Billy Joel, 52nd Street
Featured Album
One of Joel's best rock albums — with visits from some of jazz's top players
The theme of 52nd Street, if you take its title literally, is the New York block famous for jazz in the 1940s and 1950s. In truth, this isn't so much a jazz album as it is an album inspired by the notion of jazz. Despite guest visits from some top jazz players, it's actually one of Joel's best rock albums. Joel attacks from the opening moments of the first tune, with "Big Shot"'s pumping piano chords and lines about a woman from a sophisticated address with "the Dom Perignon in your hand and the spoon up your nose."
There's plenty of anger here, including the fabulous "My Life" which, at the time, was Joel's biggest pop hit. "Go ahead with your own life and leave me alone," he sings; though he puts those words in the mouth of an "old friend," it could be his own proud epitaph.

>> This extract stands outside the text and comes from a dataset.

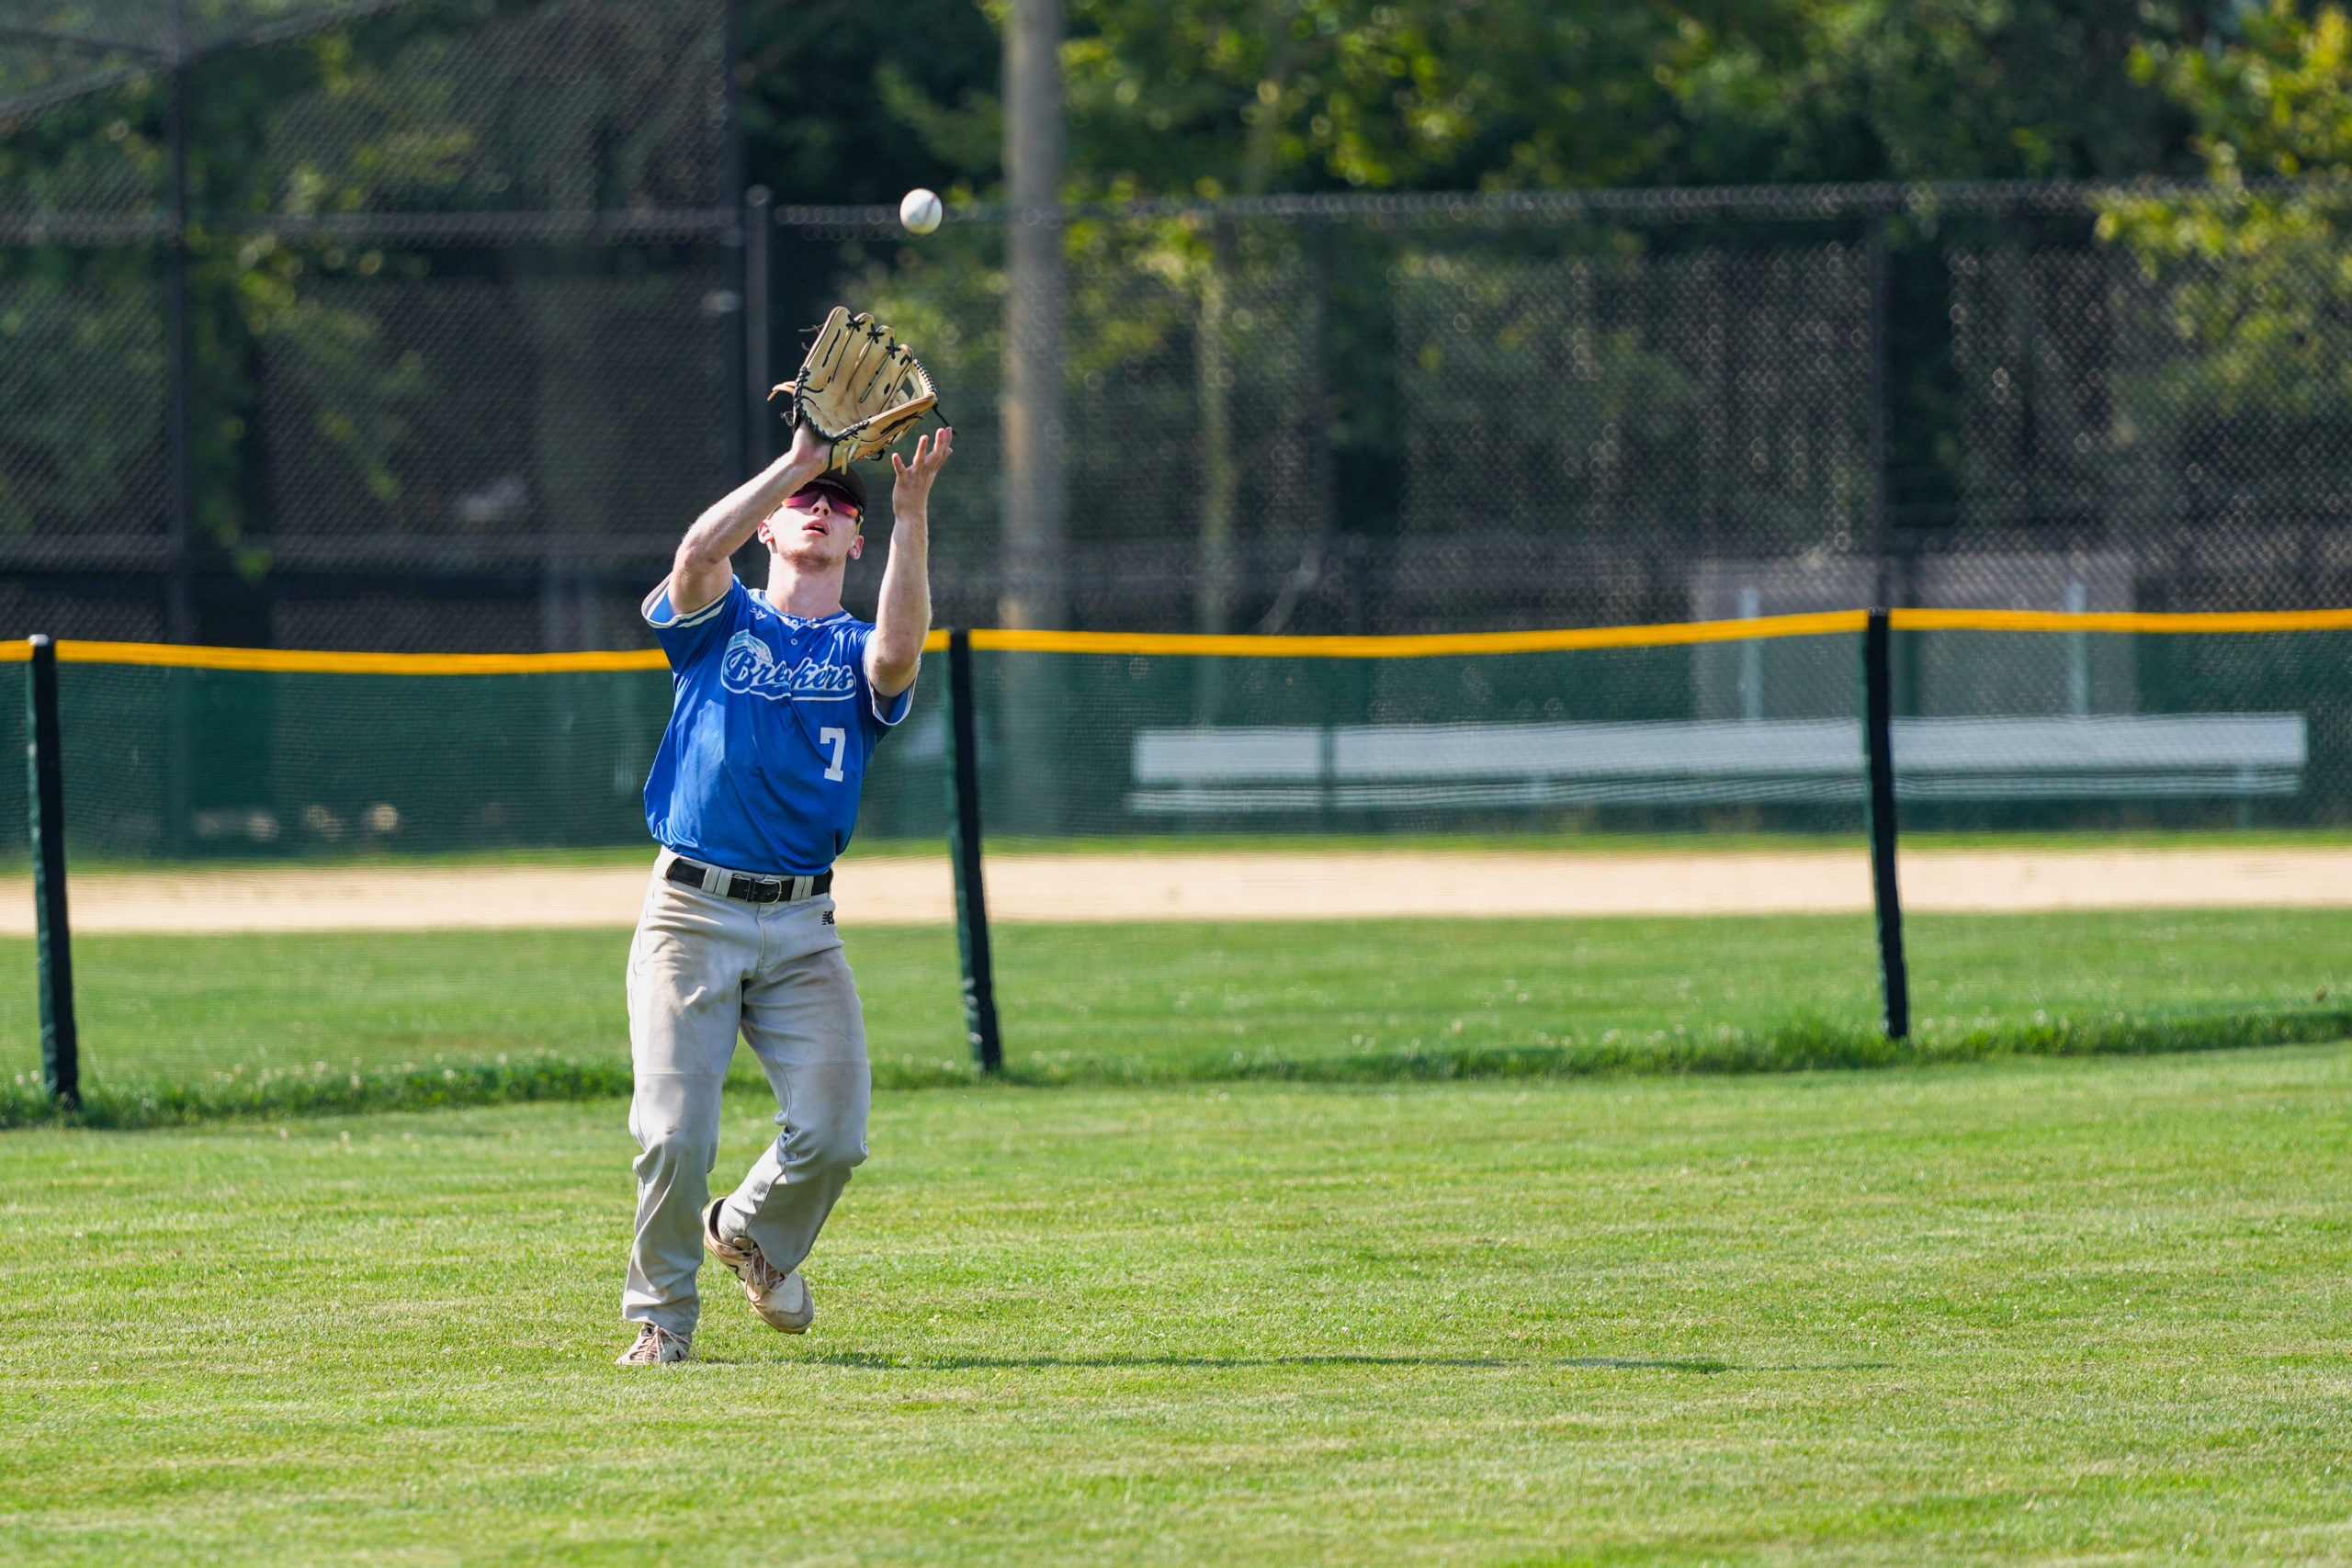 Breaker Tyler Robinson (Dartmouth) settles underneath and catches a fly ball for an out.

There are no pulled punches here, from the anger (similar to that of "Big Shot") of "Stiletto," to the almost too-direct-for-comfort ballad "Honesty." The title theme is picked up specifically by the song "Zanzibar," a bit of Steely Dan-ish pop-jazz featuring some outstanding soloing by Freddie Hubbard on trumpet and an impressionistic mèlange of sports imagery in the lyrics: Muhammad Ali, Pete Rose, the New York Yankees — your call, sports fans.
On the second half of the album, Joel and producer Phil Ramone move into genre exercises that are generally pleasing: a feint towards Latin pop in "Rosalinda's Eyes," Motown meets Blood, Sweat and Tears in "Half A Mile Away" and, most memorably, Joel singing mostly low in what may be his Righteous Brothers tribute, "Until the Night."